In the embodiment of the present invention, after the second processing module stores the result data in the first message queue, a status value is returned to indicate that the second processing module normally completes its operation. The first processing module may determine that the second processing module has completed storing the result data based on the detection of the state value, thereby enabling the result data to be quickly retrieved from the first message queue and returned to the first system.

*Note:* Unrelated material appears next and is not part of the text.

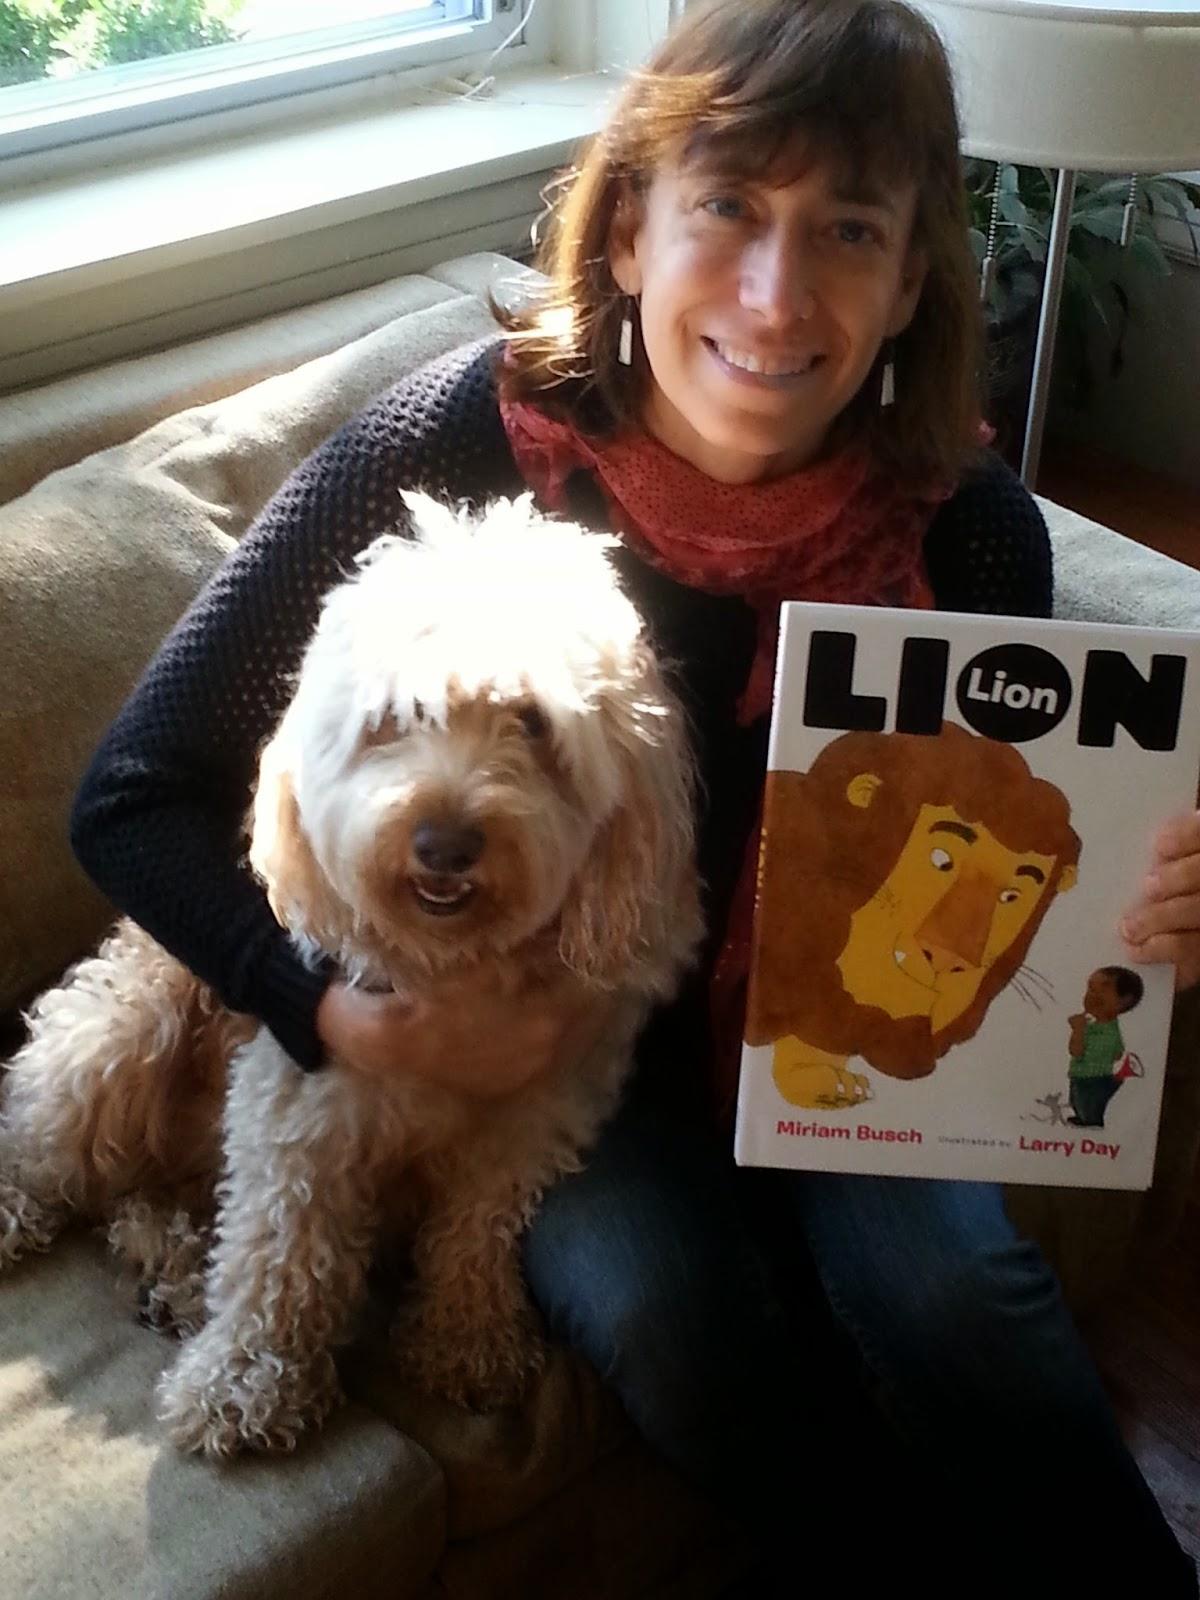 New Voice: Miriam Busch on Lion, Lion

FIG. 4 is a schematic block diagram illustrating one embodiment of an inter-system interaction apparatus of the present invention. The intersystem interaction device of the embodiment of the invention is used for ensuring the system to operate in an environment

And the second system 20.

As shown in fig. 4, the inter-system interaction apparatus according to the embodiment of the present invention may include a first processing module 30 and a second processing module 40.

The first processing module 30 may be configured to create a first message queue, store first data obtained from the first system 10 in the first message queue, and transmit the first message queue. The first processing module 30 may be configured to assign a unique identifier to the first message queue and to assign a unique identifier to each message in the first message queue.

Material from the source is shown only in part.